13 Temmuz 2016 Çarşamba

Sürüm güncelleme gibi update!

İnstagram'dan, blog'dan falan mesajlar geliyor bazen, "Ne zamandır yazmıyorsun, demek ki her şey yolunda" diye. Ya da hem ilaç firmasında çalışması dolayısıyla hem de anne babası profesör olması dolayısıyla ara ara yardımını istediğim bir arkadaşım bugün yazmış, "Fotoğraflarda gayet iyi görünüyorsun, bir sorun yok demek ki" diye. Ondan da yardım istemeyince 1-2 haftadır, hayırlı haber sayıyor sessizliğimi :)

En son yazdığımda Ankara'da hastanedeydim malum. Cahillik edip kimseye sormadan, danışmadan ilacımı bırakmam nedeniyle siyah kaka (ıyk) dediğimiz, hatta bu saatten sonra daha bilimsel adıyla melena olarak adlandıracağım ve aslen içerde bi yerlerimin kanadığını gösteren olay nedeniyle hastanede yatıyordum. Şu açıklamayı da yapmak istiyorum: Humira'yı bıraktığım için hala pişman değilim. Yan etkiler bazen hastalığın kendisinden daha zor hale gelebiliyor ve doktorların akıllarında maalesef bu yan etkilerin sırf adının "yan" olmasına bakarak zorlayıcılığı hakkında tam bir fikir oluşmayabiliyor. Bir hasta olarak, tedaviyi ve ilacı seçme, değiştirme konularında söz hakkı sahibi olmamız gerektiğini düşünüyorum. Tabii ki her tedaviyi, her ilacı benimle oturup tartışmalarını beklemek gibi bir amacım yok. Ama en azından, genel olarak bunca yıldır ne bir tedaviye ne de bir ilaca karşı çıkmış olduğum göz önünde bulundurulduğunda bir tane ilacı bu kadar şiddetle reddediyorsam, alternatiflerini araştırmaya başlamanın da zorunlu olduğunu düşünüyorum. Yoksa ilacı bırakmak değil, ilacı kimseye haber vermeden, hatta üstüne nerdeyse gizleyerek bırakmanın cahillik olduğunu net bir şekilde itiraf ediyorum. 

Gelelim sürecin devamına. Melena'ya (böyle yazınca kimse ıyk'lamadı) neden olan asıl kanamanın nerde olduğu bulunamadı. Endoskopide de kolonoskopide de tam bir sonuç çıkmadı. Ancak kolonoskopinin çıkışında beni bir sürpriz bekliyordu ki evlere şenlik. Kolonoskopiye kadar Humira'yı bırakmamı sadece cık cık'la karşılayan Ülkü Hoca "biraz" tavır değiştirdi ve konuyu kaş çatarak dile getirmeye başladı. Lafı uzatmiyim, hastalık ilerlemiş de ilerlemiş, yok çıkan kolonda bilmem ne kadar, transfers kolonda bilmem ne kadar, anastomoz yerinde bilmem ne kadar derken, kısacası bağışıklık sistemim yine itlik, serserilik peşinde koşmuş, olduğu gibi yayılmış. Bu kısım da benim şanssızlığım maalesef çünkü birçok hasta, ilaçsız da idare edebiliyorken, ben ilacı bıraktığımın ilk ayında çok şiddetli bir nüksle karşılaşıyorum. 

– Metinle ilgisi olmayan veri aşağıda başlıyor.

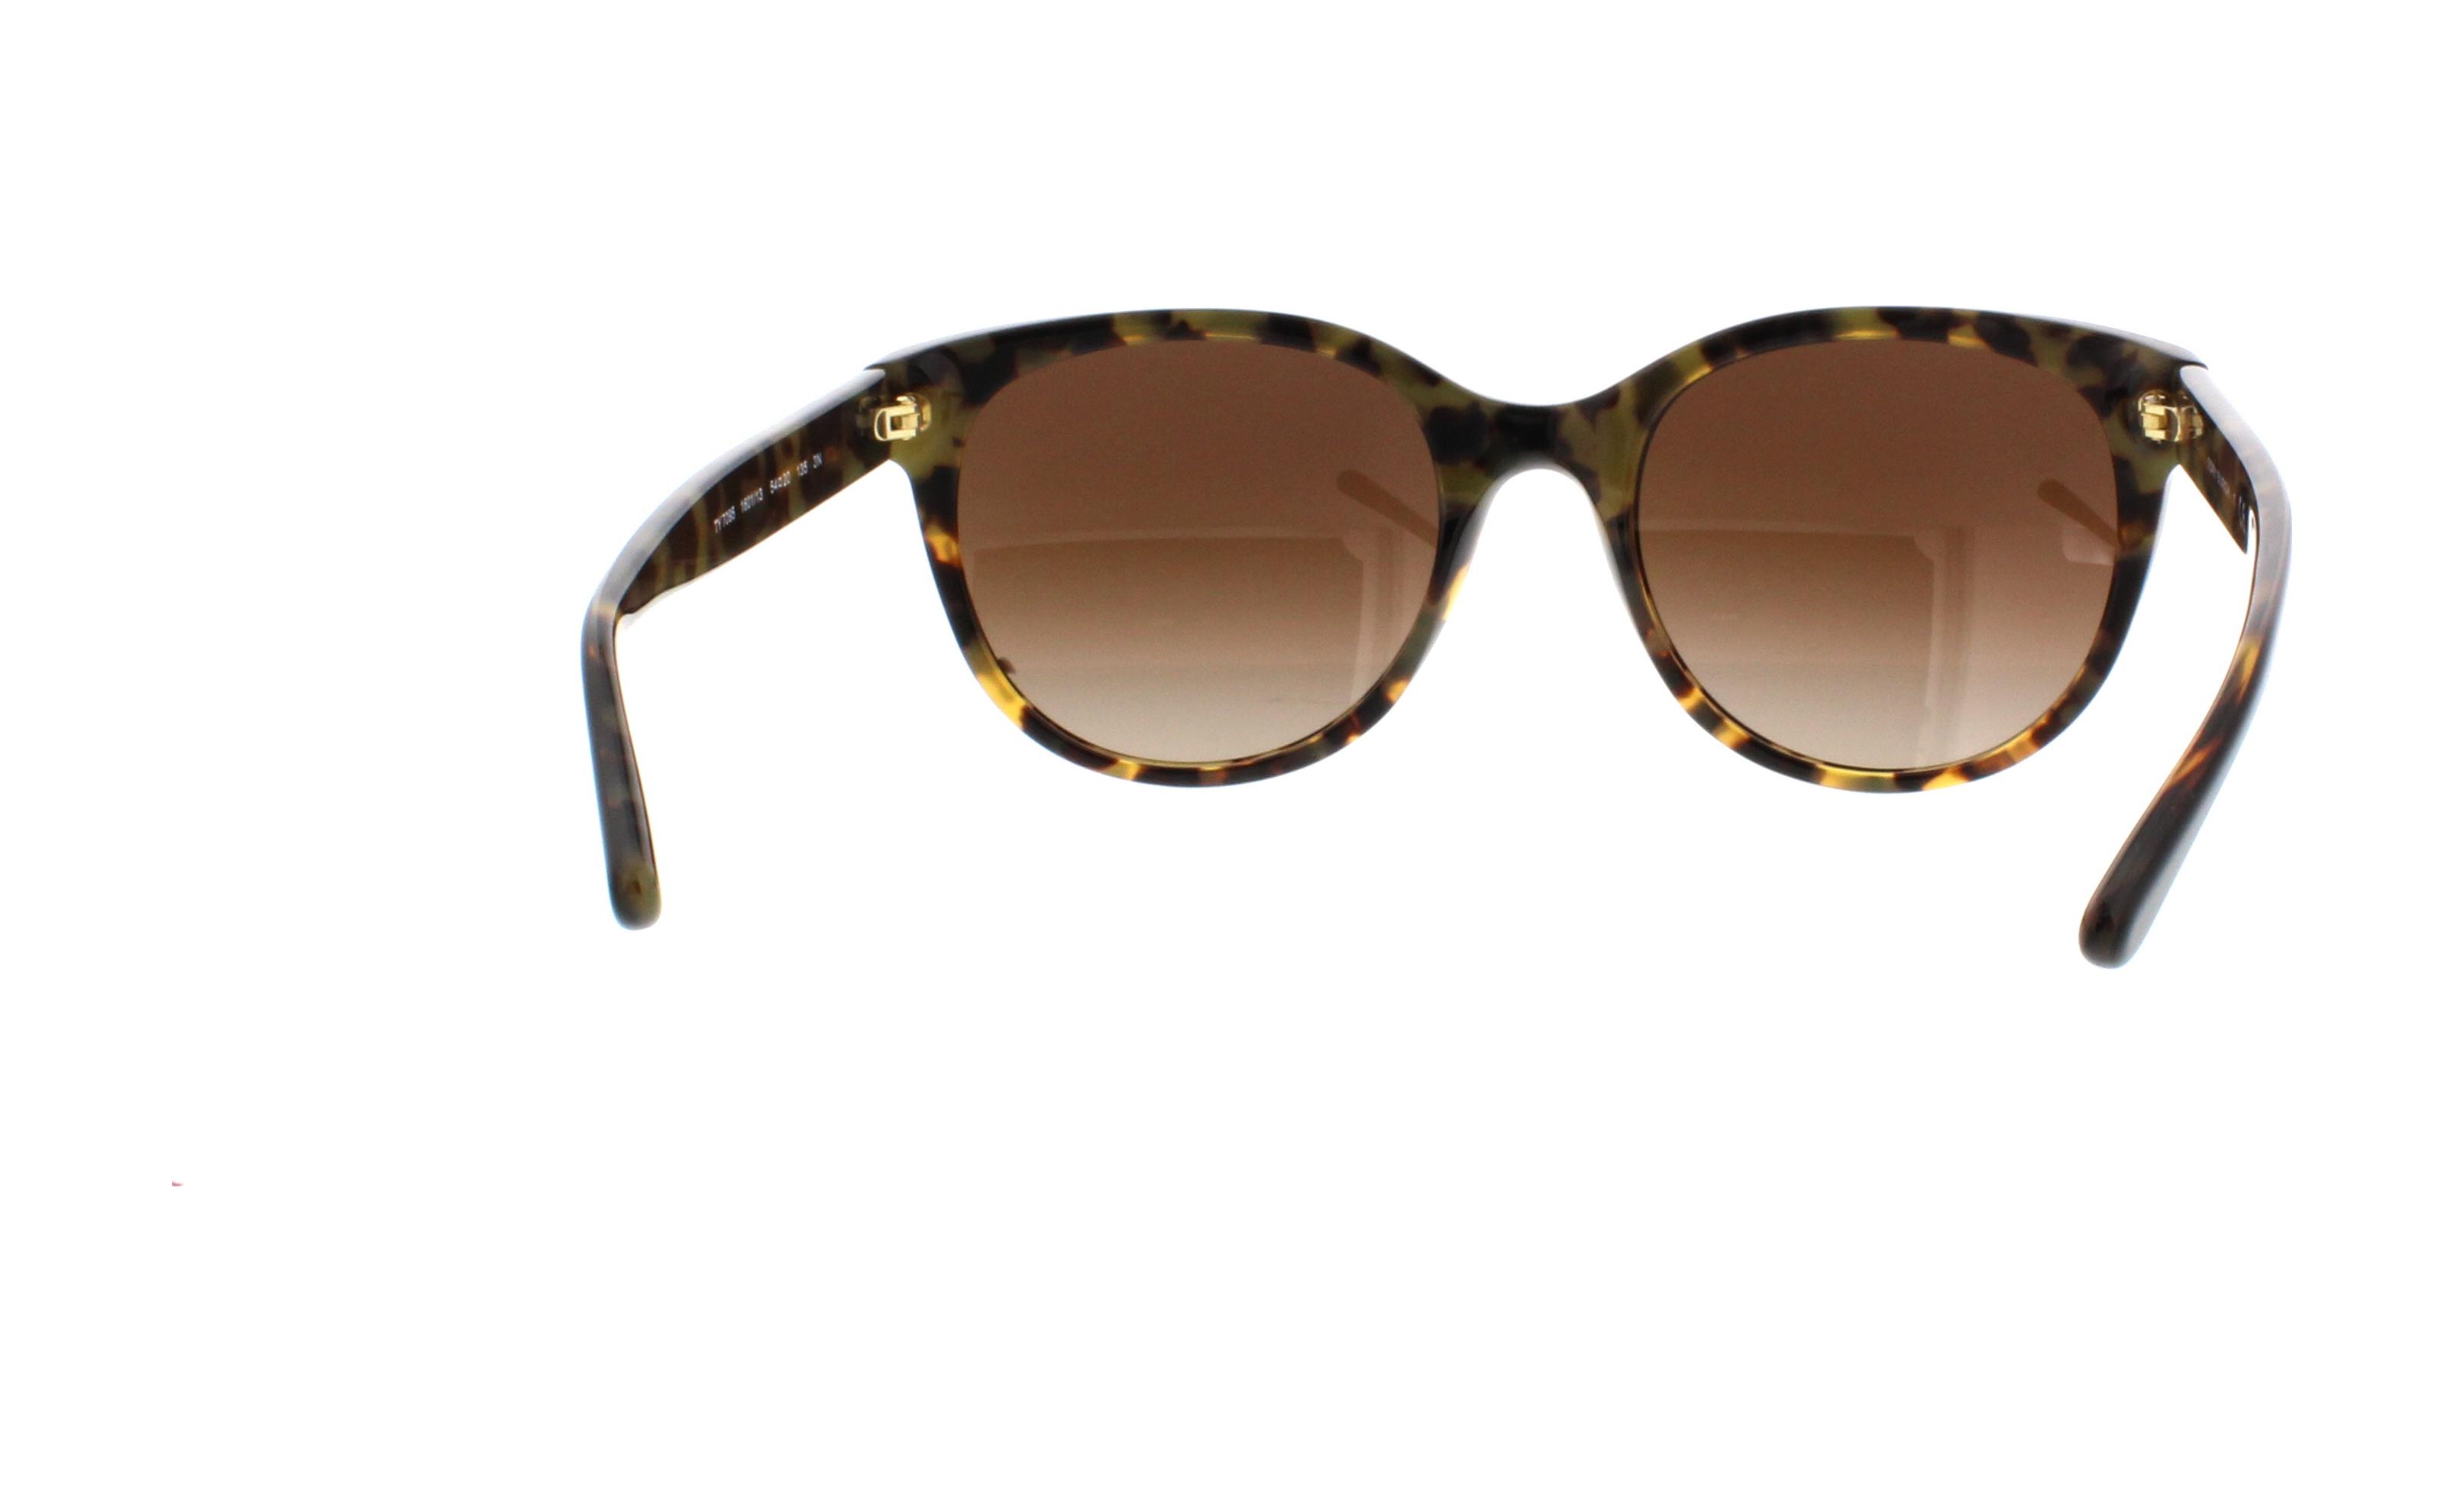 Designer Frames Outlet. Tory Burch Sunglasses TY7095

Humira'ya dönmem diye de direnince, anti-tnf grubu diğer ilaca geçelim, bunun IV dedikleri yani normal serum olarak uygulanan bir formunu uygulayalım dediler. İlacın adı Remicade. Kendisiyle yılllaaar önce ben daha ilk ameliyatımı olmadan önce ilk anti-tnf tedavimle tanışmıştım. Hatta ilacın alerjik reaksiyonu çok kuvvetli oluyor dediler diye, Bolu'da şöyle bi sahnede ilacı aldım: Ben yatakta yatıyorum, monitorize edilmişim, her tarafımdan vıck vıck diye kablolarla bağlanmışım. Bi hemşire elinde elektro-şok'la duruyor, diğeri adrenalin iğnesini hazırlıyor. Gökçe de orda kuzu gibi yatıyor. Hani bana o an bu ilacın yan etkisi solunum duracak deseler nefesimi tutucam, felç olacaksın deseler gözümü bile kırpmicam. O derece psikolojik olarak yan etkiyi çekiyorum kendime. 

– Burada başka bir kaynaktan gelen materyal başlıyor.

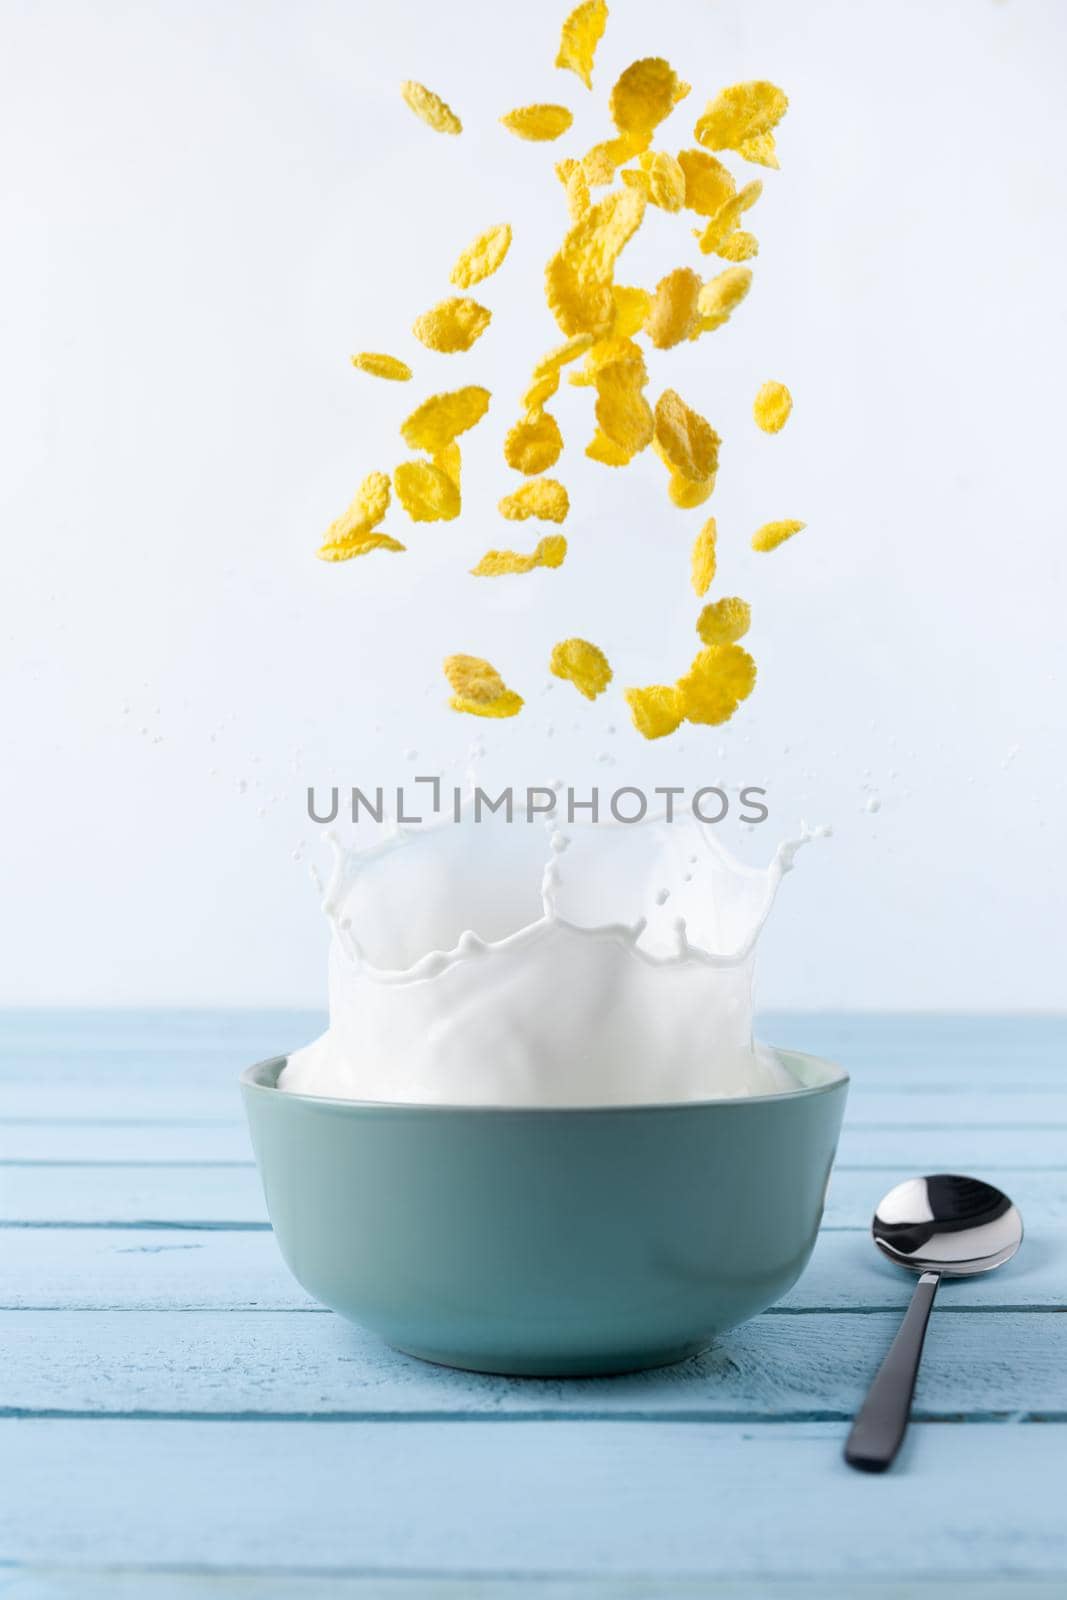 Healthy Breakfast-Cornflakes and Milk Splash on blue background.

Neyse ben bu ilaçtan 3 doz aldım o zamanlar, ama hastalık o kadar ileri safhadaydı ki, hiç faydası dokunmadı ve ilk ameliyatımın kararı bu ilacın son dozunun da işe yaramadığını kabul etmemizle oldu. 

Bu seferki Remicade alışım da öyle şatafatlı ortamda gerçekleşti. Üstelik ilacı bilen tecrübeli hemşire gerekiyor diye onkoloji servisinde ilacı almam kararlaştırıldı ama neyse ki son anda vazgeçildi ve kendi odamda aldım. 

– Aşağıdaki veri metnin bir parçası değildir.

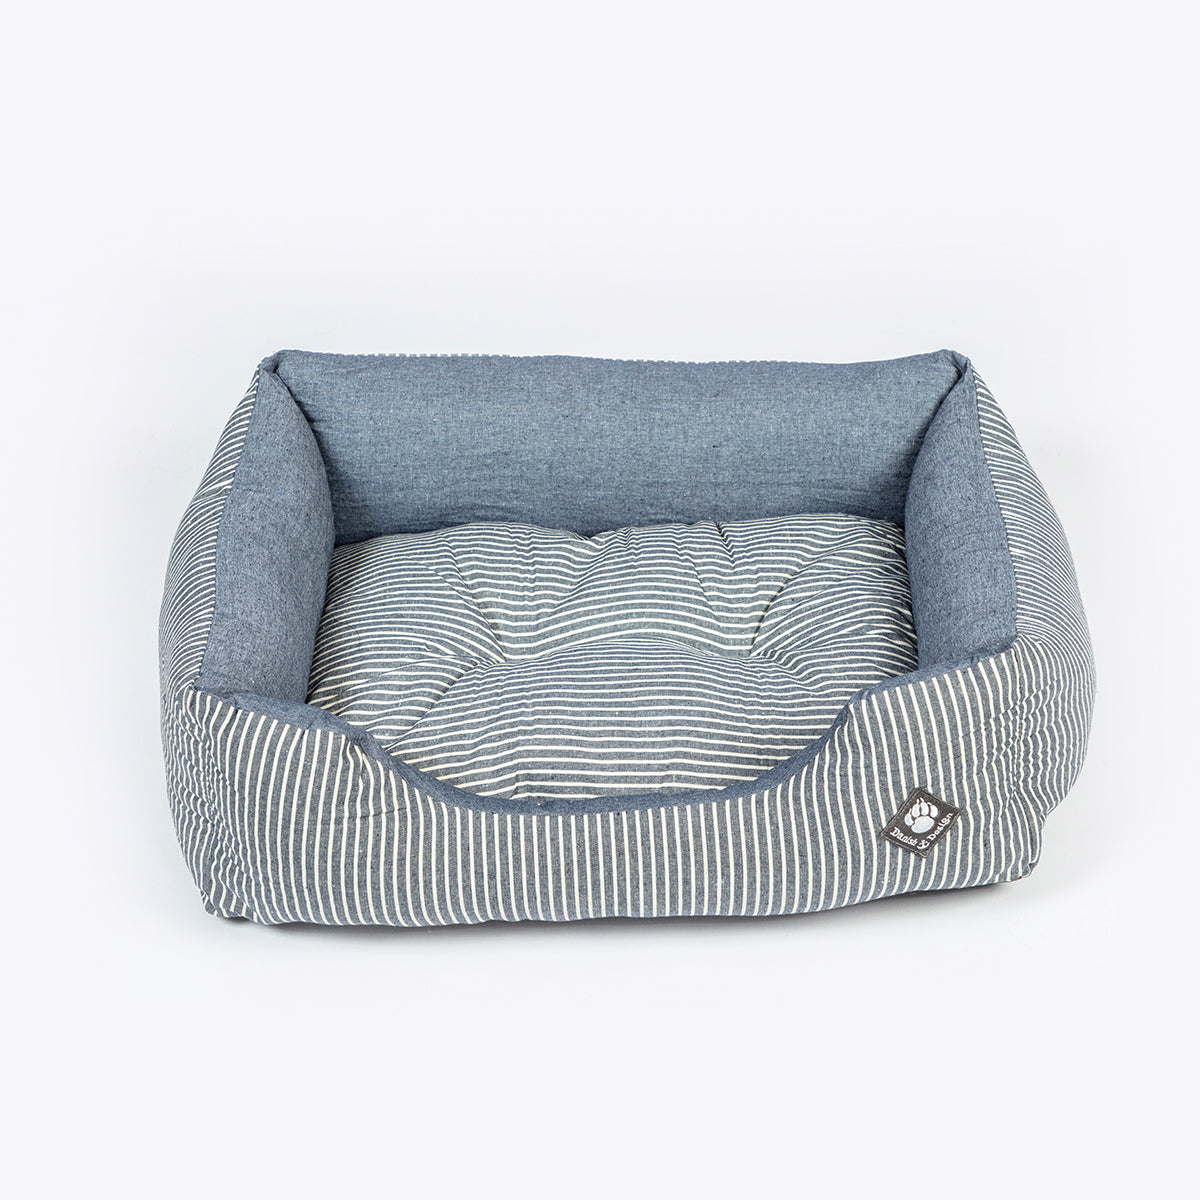 Image of Danish Design Maritime Blue Snuggle Dog Bed - Medium 23 inches

İlk doz gayet sorunsuz gitti, 2 hafta sonra yeni doz dedik, taburcu oldum döndüm. Tam 8 gün sonrası, gecenin bi yarısı telefonla konuşuyorum. Elim yüzüme gidiyor, kaşınıyor, te allahım diyorum 30 yaşında ergenliğe girdim herhalde sivilce çıkarıyorum. Boyunuma gidiyor, orda bi kabartı, herhalde tişörtün etiketi alerji yaptı diyorum yine geçiştiriyorum derken, yatağa yattım.Sağa dön, kaşın, yok uyuyamıyorum. Sola dön, daha çok kaşın, yok yine uyuyamıyorum. Kalkayım bi elimi yüzümü yıkayayım da sonra bakarım dedim ki aynada ne göreyim. Boynum omuzlarım vs derken kırmızı kırmızı pıtıraklar mı dersin, kabartılar mı dersin, fosurtular mı dersin öyle bişey. Burda da çok komik bir şey var, ben ki hayatımda dünya kadar hastalık geçirdim ve hala geçiyorum, alerji olduğum zamanlardaki kadar telaşlandığımı hiç bilmem. Görmekle ilgilidir diye düşünüyorum, gördükçe telaşlanıyorum, ciddiyetinin farkına varıyorum herhalde. 

Ay sıkıldınız mı? Çok uzun oluyor farkındayım, ama tek yazıda toparliyim istedim. Yazmıyorsun, demek ki iyisin diyenler, size tokat gibi cevap :)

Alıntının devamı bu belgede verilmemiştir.